The fascinating story of Ken Uston is one that has been the inspiration for countless blackjack players all over the world. For some, it is fame, for others, it is money. And, of course, there are those who play for the sheer love of the game, and the desire to beat the casino on its own turf. The story of Ken Uston begins when he was a young, Jewish boy, graduating Magna cum laude from the prestigious Yale University. At the time, he was a financial genius and had job offers to wait for him. In time, he became the head of a New England telephone company and changed and improved it. Indeed, he showed his faculty for finances and mathematics at a very young age, and those abilities were to help him in what would, in time, make him the most famous blackjack player of all time.
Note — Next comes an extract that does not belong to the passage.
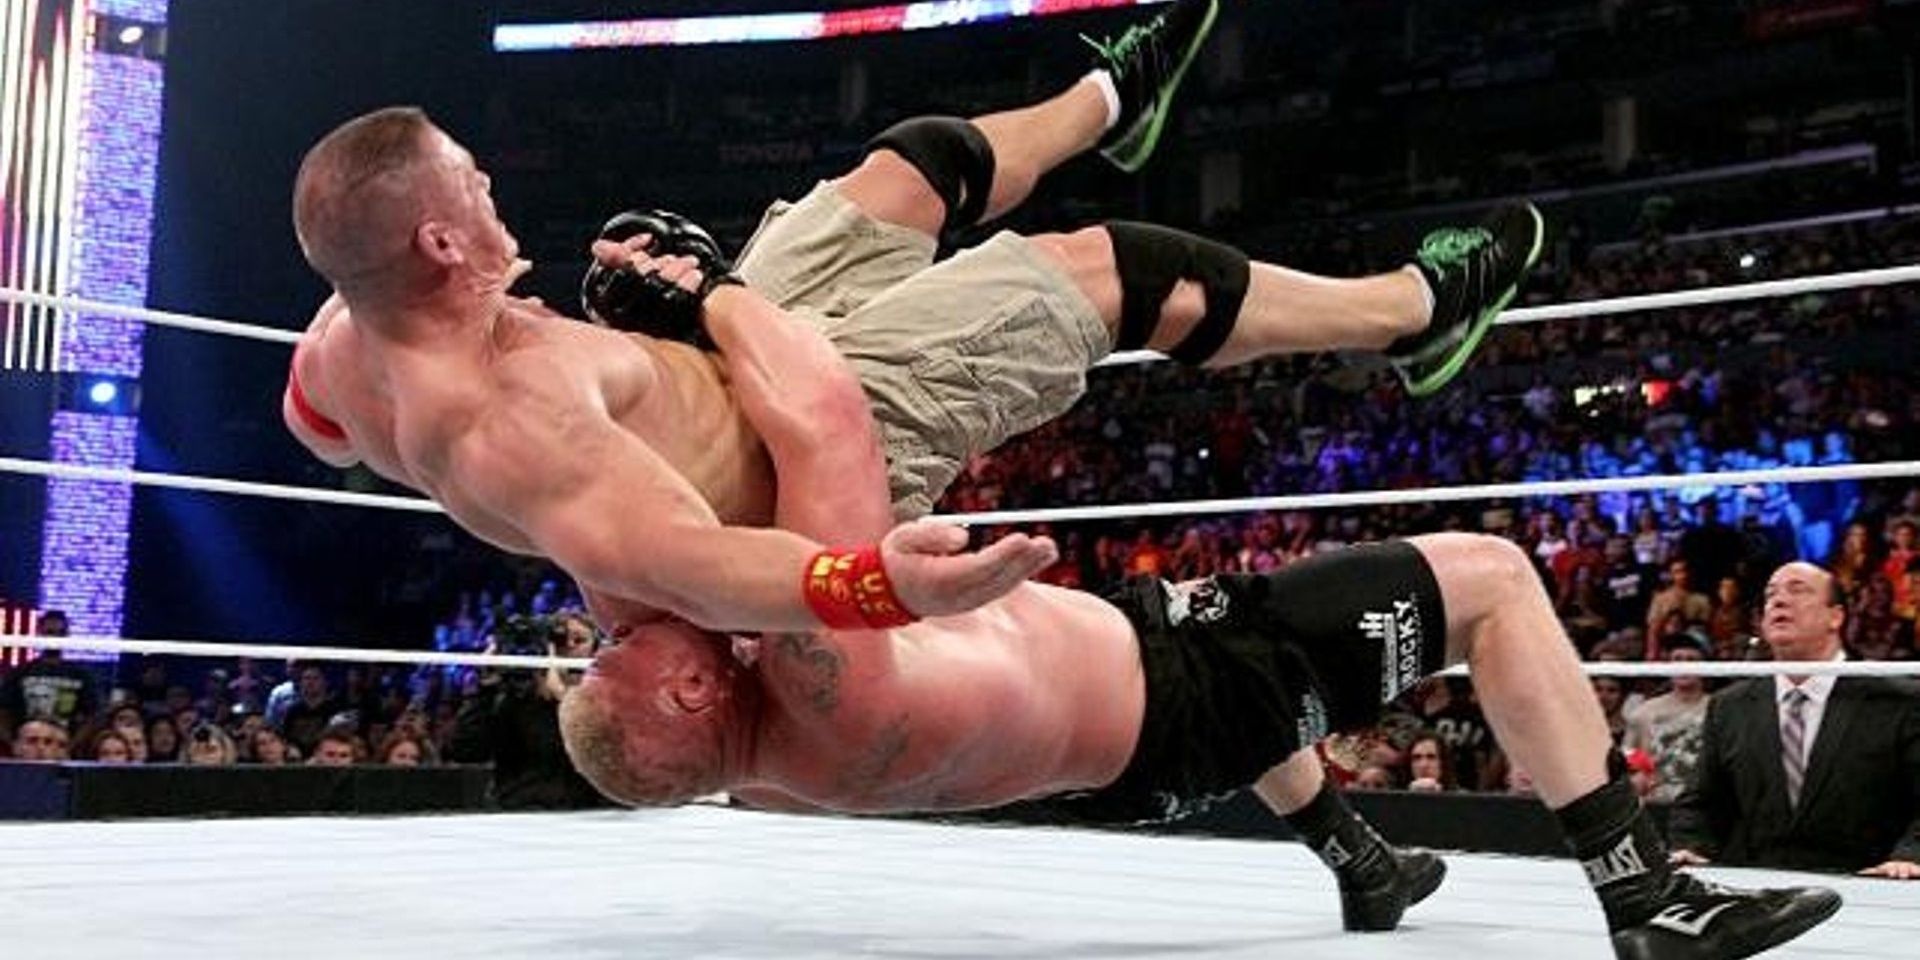 Cena and Lesnar clashed at SummerSlam 2014 for the WWE Championship

He was always interested in the inherent mathematical possibilities that the game of blackjack but had never put his theories into practice until one day, he received a telephone call, while he was vice president of the Pacific Stock Exchange in San Francisco. The call was from a scientist called Keith Taft. He had heard of Uston, and his impressive blackjack-winning records, and had in mind a plan for him. Uston met with Taft, who explained to him a computer program designed to count cards and thus win in ninety percent of all blackjack games played.
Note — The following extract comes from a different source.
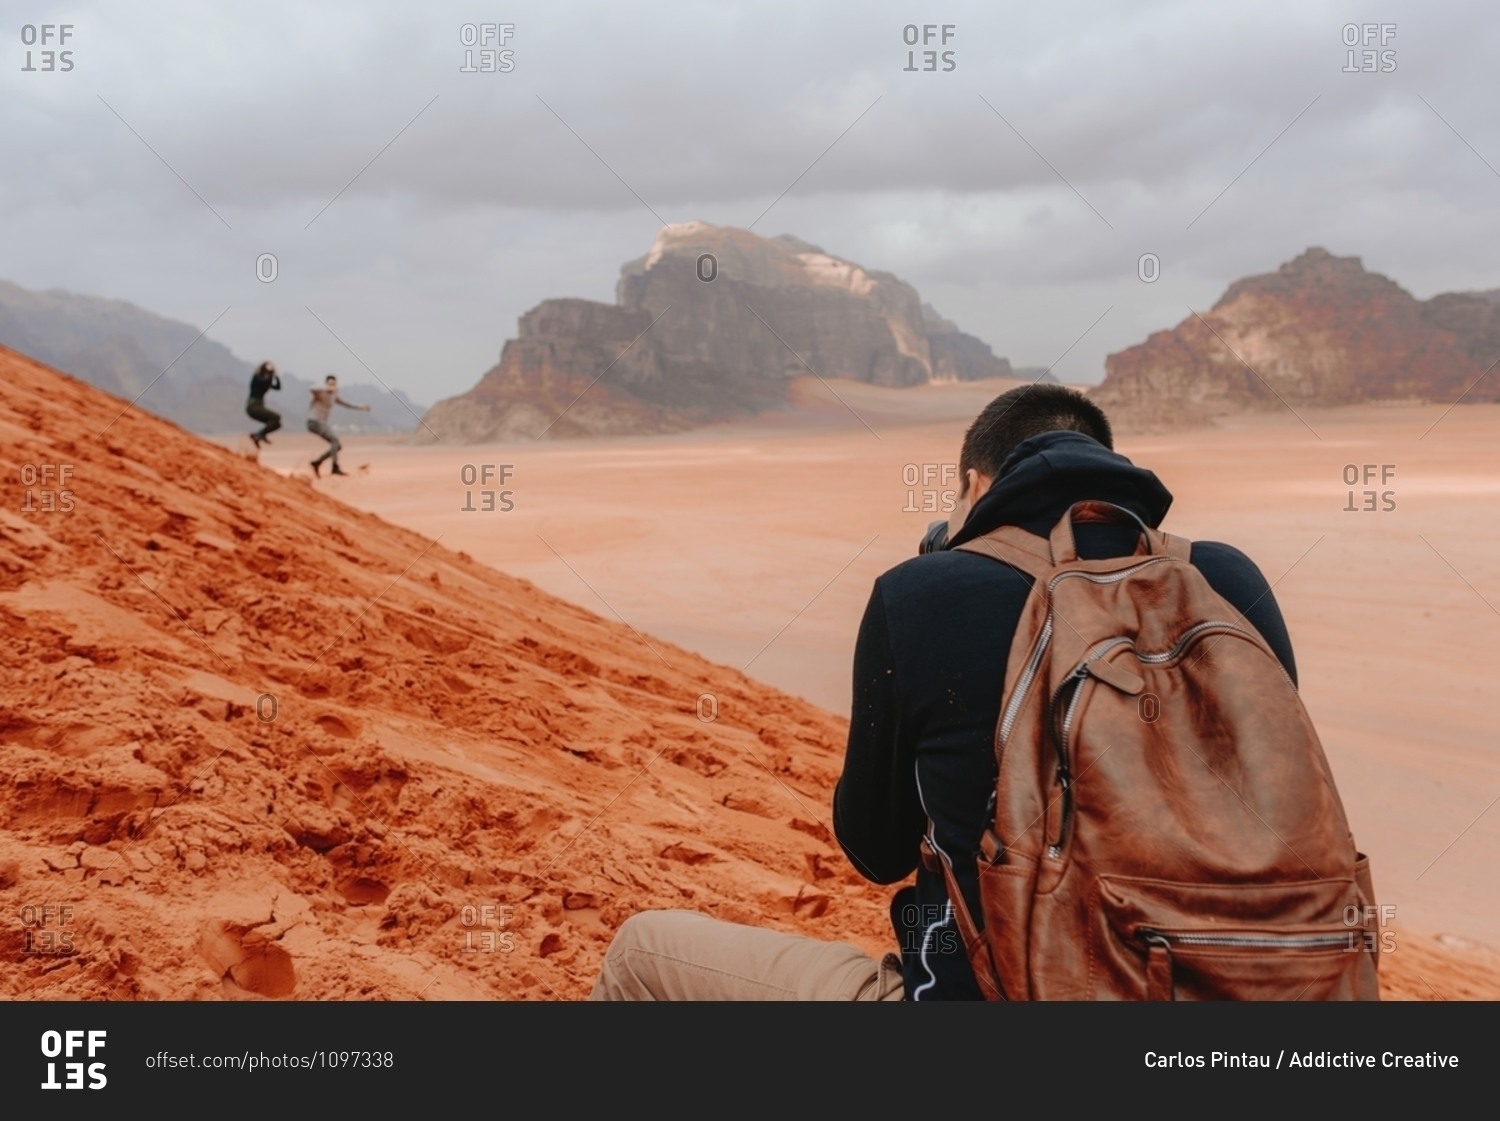 Back view of male traveling photographer taking pictures of people running down sandy hill in Wadi Rum sandstone valley during vacation in Jordan

Ken Uston’s Card Counting Team
Soon Ken Uston and his team were earning thousands upon thousands of dollars each night in the casinos. It seemed there was no limit to the amounts that they could win. At first, the casinos loved their players, whom they perceived at first as money-spending suckers who would lose all their money. However, in time, when the pit bosses began to notice that things were not right, Ken Uston and his team moved to Lake Tahoe, where came their ruination. Uston sent his teams to the casinos armed with money, in order to make thousand-dollar bets. All at once, the pit bosses came upon them, stripped them of their equipment, and put them in jail. When the local police did not know what to make of the computers, they had them sent to the FBI. The FBI returned the machines and said that it was not indeed a cheating device at all. However, that did no help Ken Uston who received threats on his life and died soon after from a mixture of drugs, alcohol, and an unhealthy lifestyle.